Below is the accuracy and confusion matrix:
## Accuracy
## 0.7188465
A | B | C | D | E | |
---|---|---|---|---|---|
A | 466 | 49 | 5 | 7 | 4 |
B | 11 | 220 | 33 | 12 | 25 |
C | 14 | 24 | 229 | 43 | 44 |
D | 50 | 73 | 64 | 246 | 49 |
E | 11 | 10 | 8 | 10 | 235 |
randomForest
differs from rpart in that it creates several subsets of trees, a forest rather than a single tree, and then averages them together to find the best model.

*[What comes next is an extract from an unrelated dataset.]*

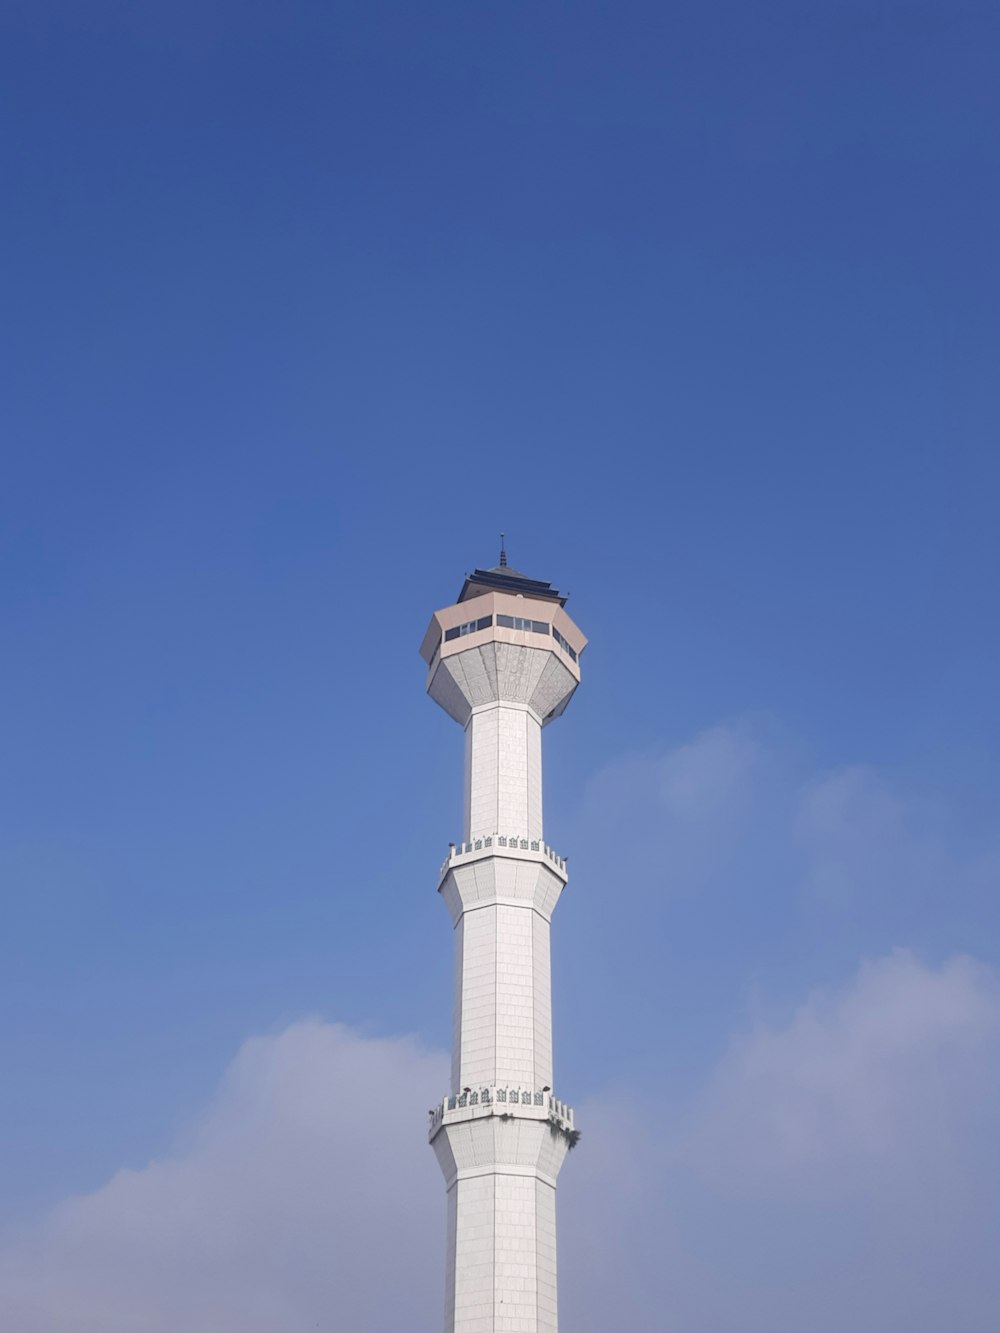 uma torre branca alta com um relógio no topo

It can be less scalable re: CPU, but if processing time is not an issue, generally produces the best results.
ptm<-proc.time()
set.seed(3383)
model.fit<-randomForest(classe ~ ., data=strain, importance = TRUE, allowParallel=TRUE) #being sneaky here and producing our final training model after discovering that this is the best model fit.

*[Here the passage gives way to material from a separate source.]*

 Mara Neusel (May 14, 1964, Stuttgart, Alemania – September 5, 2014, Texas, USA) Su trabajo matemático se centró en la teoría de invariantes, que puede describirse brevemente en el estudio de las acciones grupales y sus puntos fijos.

predict<-predict(model.fit, stest1)
cmp2<-confusionMatrix(predict, stest1$classe)
t<-cmp2$table
trainall.time<-proc.time()-ptm
predict on the second model
## Accuracy Kappa AccuracyLower AccuracyUpper AccuracyNull
## 0.9788877 0.9732862 0.9714669 0.9848079 0.2842430
## AccuracyPValue McnemarPValue
## 0.0000000 NaN
cmp2$overall["Accuracy"]
Accuracy 0.9788877
kable(t2)
A | B | C | D | E | |
---|---|---|---|---|---|
A | 549 | 7 | 0 | 1 | 0 |
B | 1 | 365 | 11 | 0 | 0 |
C | 0 | 4 | 327 | 10 | 2 |
D | 0 | 0 | 1 | 307 | 2 |
E | 2 | 0 | 0 | 0 | 353 |
randomForest
gave us a pretty good Accuracy, we’ll see if we can do better with boosting using the method **gbm* (for classification boosting) in the train
function.
## Stochastic Gradient Boosting
##
## 4537 samples
## 52 predictor
## 5 classes: 'A', 'B', 'C', 'D', 'E'
##
## No pre-processing
## Resampling: Cross-Validated (5 fold, repeated 1 times)

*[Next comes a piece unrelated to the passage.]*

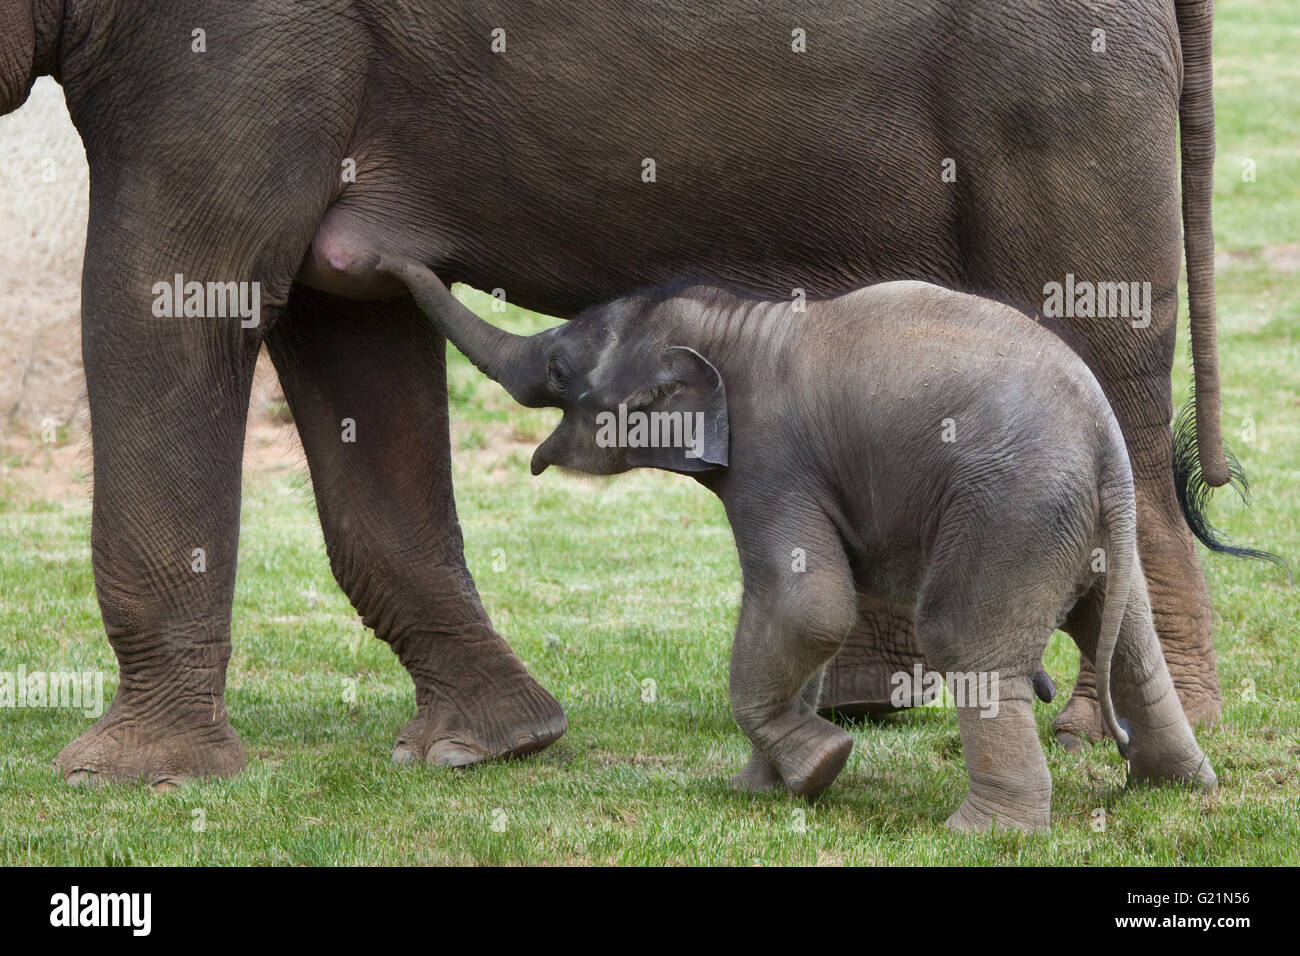 Uno-mes-viejo elefante indio (Elephas maximus indicus) denominada Maxmilian Janita con su madre en el Zoo de Praga, República Checa. Foto de stock

## Summary of sample sizes: 3629, 3629, 3629, 3631, 3630
## Resampling results across tuning parameters:
##
## interaction.depth n.trees Accuracy Kappa Accuracy SD
## 1 50 0.7562297 0.6907052 0.014001115
## 1 100 0.8249983 0.7783593 0.013139273
## 1 150 0.8510022 0.8113774 0.012936625
## 2 50 0.8446087 0.8031443 0.010778871
## 2 100 0.9014762 0.8752628 0.007972290
## 2 150 0.9219713 0.9012586 0.012290797
## 3 50 0.8902355 0.8610216 0.012405872
## 3 100 0.9325532 0.9146411 0.006508225
## 3 150 0.9446755 0.9300113 0.005098588
## Kappa SD
## 0.017692966
## 0.016482413
## 0.016348686
## 0.013682292
## 0.010065436
## 0.015590197
## 0.015684179
## 0.008276051
## 0.006467697
##
## Tuning parameter 'shrinkage' was held constant at a value of 0.1
##
## Tuning parameter 'n.minobsinnode' was held constant at a value of 10
## Accuracy was used to select the optimal model using the largest value.
## The final values used for the model were n.trees = 150,
## interaction.depth = 3, shrinkage = 0.1 and n.minobsinnode = 10.
predict on third model
Accuracy 0.9588054
A | B | C | D | E | |
---|---|---|---|---|---|
A | 542 | 9 | 1 | 0 | 0 |
B | 4 | 357 | 18 | 1 | 3 |
C | 2 | 9 | 316 | 9 | 6 |
D | 0 | 0 | 3 | 306 | 7 |
E | 4 | 1 | 1 | 2 | 341 |
Model 2, Random Forest, has a slightly higher accuracy at 0.9788877 than Gradient Boosting at 0.9588054, but the former’s computation time is 23.0811808% of the latter so we’ll use this model.
The out of sample error rate should be about 0.0211123
model | Accuracy | user.self | sys.self | elapsed |
---|---|---|---|---|
rpart | 0.7188465 | 1.06 | 0.00 | 1.06 |
gradient boosting | 0.9588054 | 108.10 | 0.25 | 108.40 |
random forest | 0.9788877 | 24.72 | 0.20 | 25.02 |
Applying Model 2 to our large training set vs. testing set we get the following predictions:
print(finalPrediction[1:20])
## 1 2 3 4 5 6 7 8 9 10 11 12 13 14 15 16 17 18 19 20
## B A B A A E D B A A B C B A E E A B B B
## Levels: A B C D E
fig 1. Recursive Partitioning (rpart)Tree Plot & Prediction Plot Model 1
fig 2. Random Forest (randomForest) Error Plot & Prediction Plot Model 2
fig 3. Random Forest (randomForest) Error Plot & Prediction Plot Model 2
fig 4. Model 2 Random Forest Variable Importance
Velloso, E.; Bulling, A.; Gellersen, H.; Ugulino, W.; Fuks, H. Qualitative Activity Recognition of Weight Lifting Exercises. Proceedings of 4th International Conference in Cooperation with SIGCHI (Augmented Human ’13) . Stuttgart, Germany: ACM SIGCHI, 2013.